Accordingly, the driving torque that is necessary for controlling
of the tilt position can be minimized, and the reliability and the
operation efficiency can be improved even more.
[0076] As described above, since the tilt drive portion 21 employs
the center of rotation of the rotary driver 24 as the tilt rotation
axis 21s as it is, the need for a power cylinder, which has
conventionally been required, can be eliminated, and the tilt drive
portion can be constituted by a worm reducer.

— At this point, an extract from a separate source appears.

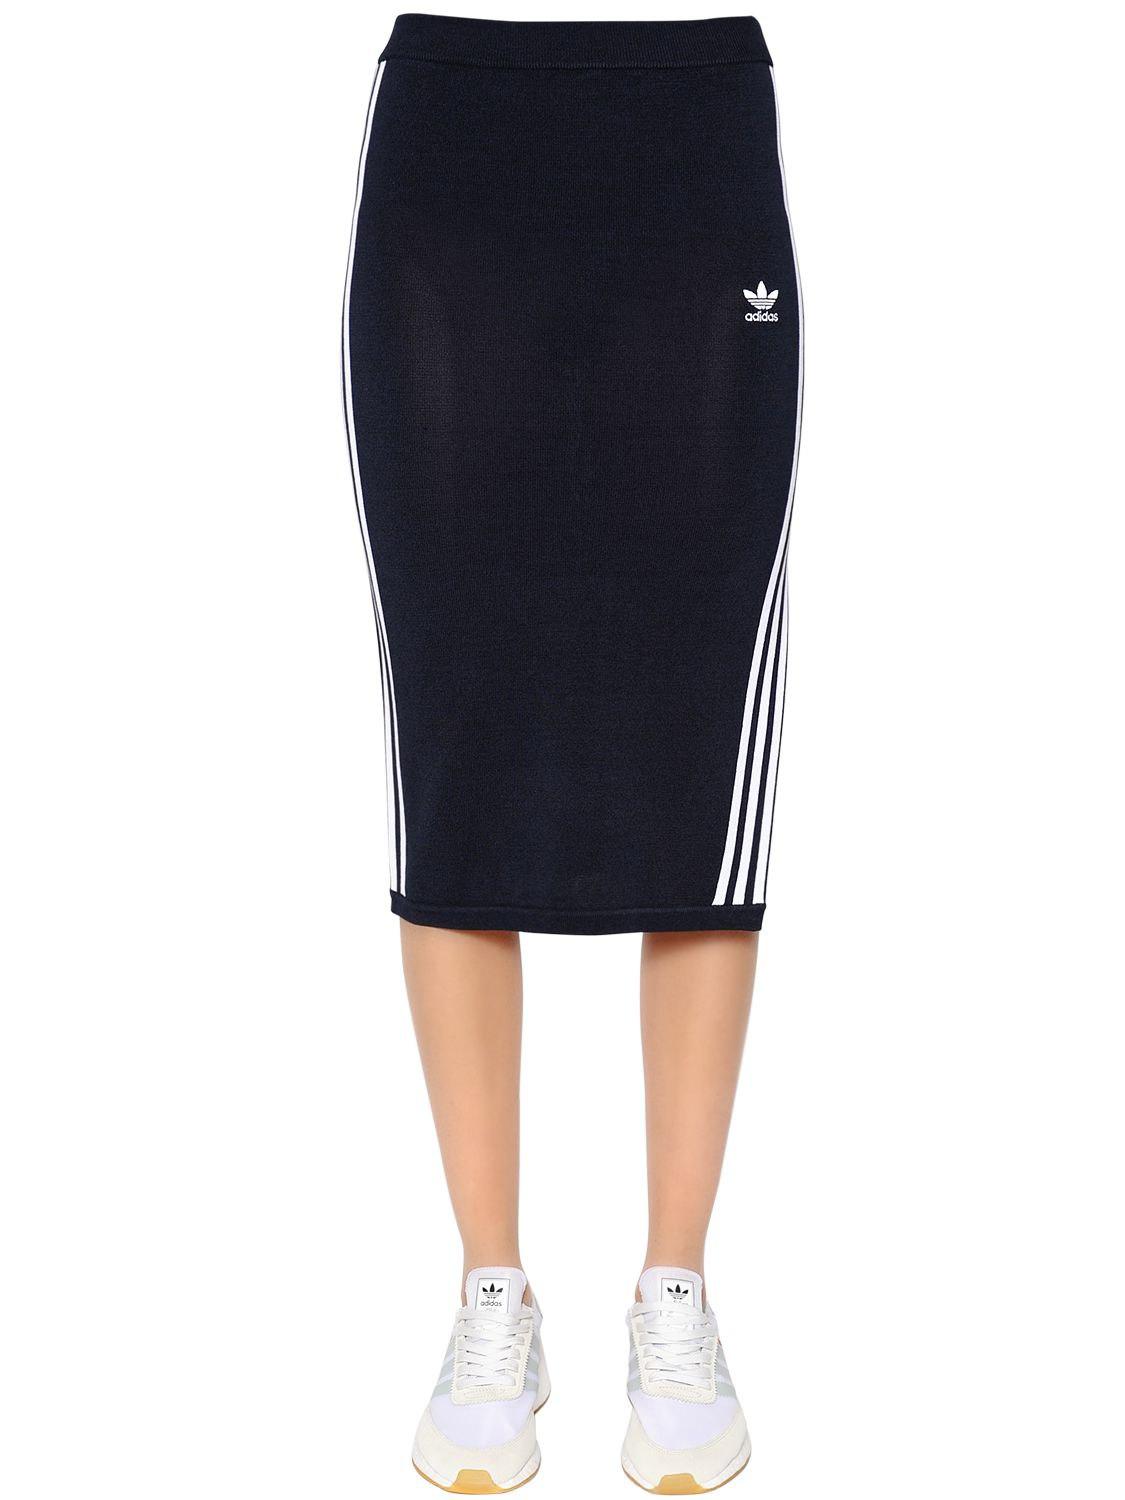 adidas Originals 3 Stripes Knit Midi Skirt in Navy (Blue) - Lyst

[0077] The rotary driver 24 is connected to a connecting plate 23
via connecting members 23s. Therefore, rotation of the rotary
driver 24 (rotation in the direction of arrow Rot) directly rotates
the connecting plate 23. Moreover, a pair of connecting plates 23
are disposed corresponding to the side plate portions 14s, and the
pair of connecting plates 23 are connected to each other by the two
main beam members 22. Therefore, the tilt position of the main beam
members 22 is controlled with rotation of the connecting plates
23.
[0078] Moreover, the swivel drive portion 25 controls the swivel
position of the module panel 10 around a swivel rotation axis 25s
serving as the center of rotation. The swivel rotation axis 25s (a
worm reducer) is disposed so as to coincide with the center of an
axis of the support pole 19. That is to say, in the present
embodiment, the tilt drive portion 21 and the swivel drive portion
25 can have similar driving mechanisms, and thus, the tracking
control portion 20 can be configured easily and with high
precision.
[0079] The main beam members 22 support the module casings 14 (the
bottom plate portions 14b). The main beam members 22 fix and
support the bottom plate portions 14b of the module panel 10 (the
driving solar cell module 12 and the juxtaposition solar cell
modules 13, or in other words, the solar cell modules 11) via
connecting members 22s (see FIG. 6). Therefore, the tilt position
of the solar cell modules 11 (i.e., the module panel 10) can be
controlled by controlling the tilt position of the main beam
members 22.
[0080] As described above, the module panel 10 includes the driving
solar cell module 12, the elongated juxtaposition solar cell
modules 13 that are disposed on both sides of the driving solar
cell module 12, and the main beam members 22 that support the
bottom plate portions 14b of the driving solar cell module 12 and
the juxtaposition solar cell modules 13, and the driving solar cell
module 12 includes, in the middle thereof in the length direction,
inside the bottom plate portion 14b thereof, the tilt drive housing
portion 17 in which the tilt drive portion 21 is housed.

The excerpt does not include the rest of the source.